───── Extracted entries

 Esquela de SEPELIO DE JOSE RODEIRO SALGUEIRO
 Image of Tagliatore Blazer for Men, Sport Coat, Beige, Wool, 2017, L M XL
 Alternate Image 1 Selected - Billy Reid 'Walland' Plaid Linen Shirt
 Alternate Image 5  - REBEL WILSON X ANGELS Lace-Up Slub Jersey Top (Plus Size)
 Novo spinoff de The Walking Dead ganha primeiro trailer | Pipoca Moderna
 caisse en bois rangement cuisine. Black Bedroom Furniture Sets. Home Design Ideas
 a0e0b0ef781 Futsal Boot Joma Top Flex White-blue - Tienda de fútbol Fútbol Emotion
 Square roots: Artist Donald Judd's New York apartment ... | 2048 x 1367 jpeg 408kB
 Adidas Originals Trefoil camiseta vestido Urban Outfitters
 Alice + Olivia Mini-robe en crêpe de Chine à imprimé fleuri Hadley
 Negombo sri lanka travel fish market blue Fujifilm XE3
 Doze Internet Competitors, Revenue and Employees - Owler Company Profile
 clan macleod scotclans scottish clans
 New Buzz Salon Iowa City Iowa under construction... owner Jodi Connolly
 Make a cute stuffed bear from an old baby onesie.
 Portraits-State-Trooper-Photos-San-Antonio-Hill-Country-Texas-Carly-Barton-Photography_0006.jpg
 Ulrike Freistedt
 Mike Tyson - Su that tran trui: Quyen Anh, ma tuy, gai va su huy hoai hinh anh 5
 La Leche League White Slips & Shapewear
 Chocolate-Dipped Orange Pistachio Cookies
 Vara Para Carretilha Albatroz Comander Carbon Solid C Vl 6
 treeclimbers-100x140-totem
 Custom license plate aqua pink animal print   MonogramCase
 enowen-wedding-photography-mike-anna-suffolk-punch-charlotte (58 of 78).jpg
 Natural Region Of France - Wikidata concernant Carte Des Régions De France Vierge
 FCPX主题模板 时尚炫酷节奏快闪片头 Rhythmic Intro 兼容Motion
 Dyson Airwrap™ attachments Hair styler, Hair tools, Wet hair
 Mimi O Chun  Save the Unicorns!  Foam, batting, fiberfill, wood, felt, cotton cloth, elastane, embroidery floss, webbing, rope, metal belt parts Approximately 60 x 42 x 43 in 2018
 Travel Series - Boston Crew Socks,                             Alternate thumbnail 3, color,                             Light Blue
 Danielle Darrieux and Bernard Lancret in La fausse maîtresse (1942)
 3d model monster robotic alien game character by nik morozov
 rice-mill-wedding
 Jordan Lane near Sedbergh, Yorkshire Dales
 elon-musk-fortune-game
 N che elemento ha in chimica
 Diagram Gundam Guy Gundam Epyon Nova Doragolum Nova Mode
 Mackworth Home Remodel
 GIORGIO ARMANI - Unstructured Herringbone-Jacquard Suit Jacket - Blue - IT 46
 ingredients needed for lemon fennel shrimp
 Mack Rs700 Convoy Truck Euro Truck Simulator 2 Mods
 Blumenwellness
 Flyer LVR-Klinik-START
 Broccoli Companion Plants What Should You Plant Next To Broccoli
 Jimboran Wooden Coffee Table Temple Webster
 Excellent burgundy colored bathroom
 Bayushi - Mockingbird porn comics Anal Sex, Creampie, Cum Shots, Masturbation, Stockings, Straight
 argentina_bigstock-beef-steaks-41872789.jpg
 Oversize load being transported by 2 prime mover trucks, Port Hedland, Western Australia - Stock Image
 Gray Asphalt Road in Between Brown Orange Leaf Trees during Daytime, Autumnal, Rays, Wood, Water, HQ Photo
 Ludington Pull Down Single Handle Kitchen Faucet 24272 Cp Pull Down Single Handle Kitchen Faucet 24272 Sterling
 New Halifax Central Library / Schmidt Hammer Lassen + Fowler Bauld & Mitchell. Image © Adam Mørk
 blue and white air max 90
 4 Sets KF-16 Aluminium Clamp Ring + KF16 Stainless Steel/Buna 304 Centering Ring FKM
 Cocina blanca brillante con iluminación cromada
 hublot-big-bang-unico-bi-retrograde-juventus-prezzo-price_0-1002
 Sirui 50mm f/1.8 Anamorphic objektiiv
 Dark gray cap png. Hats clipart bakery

──────────

> [Problem details]: Return, exactly as written, only those lines that run from the one with "hublot-big-bang-unico-bi-retrograde-juventus-prezzo-price_0-1002" to the last line of the data, both of those lines included.

> [Output for this task]:
 hublot-big-bang-unico-bi-retrograde-juventus-prezzo-price_0-1002
 Sirui 50mm f/1.8 Anamorphic objektiiv
 Dark gray cap png. Hats clipart bakery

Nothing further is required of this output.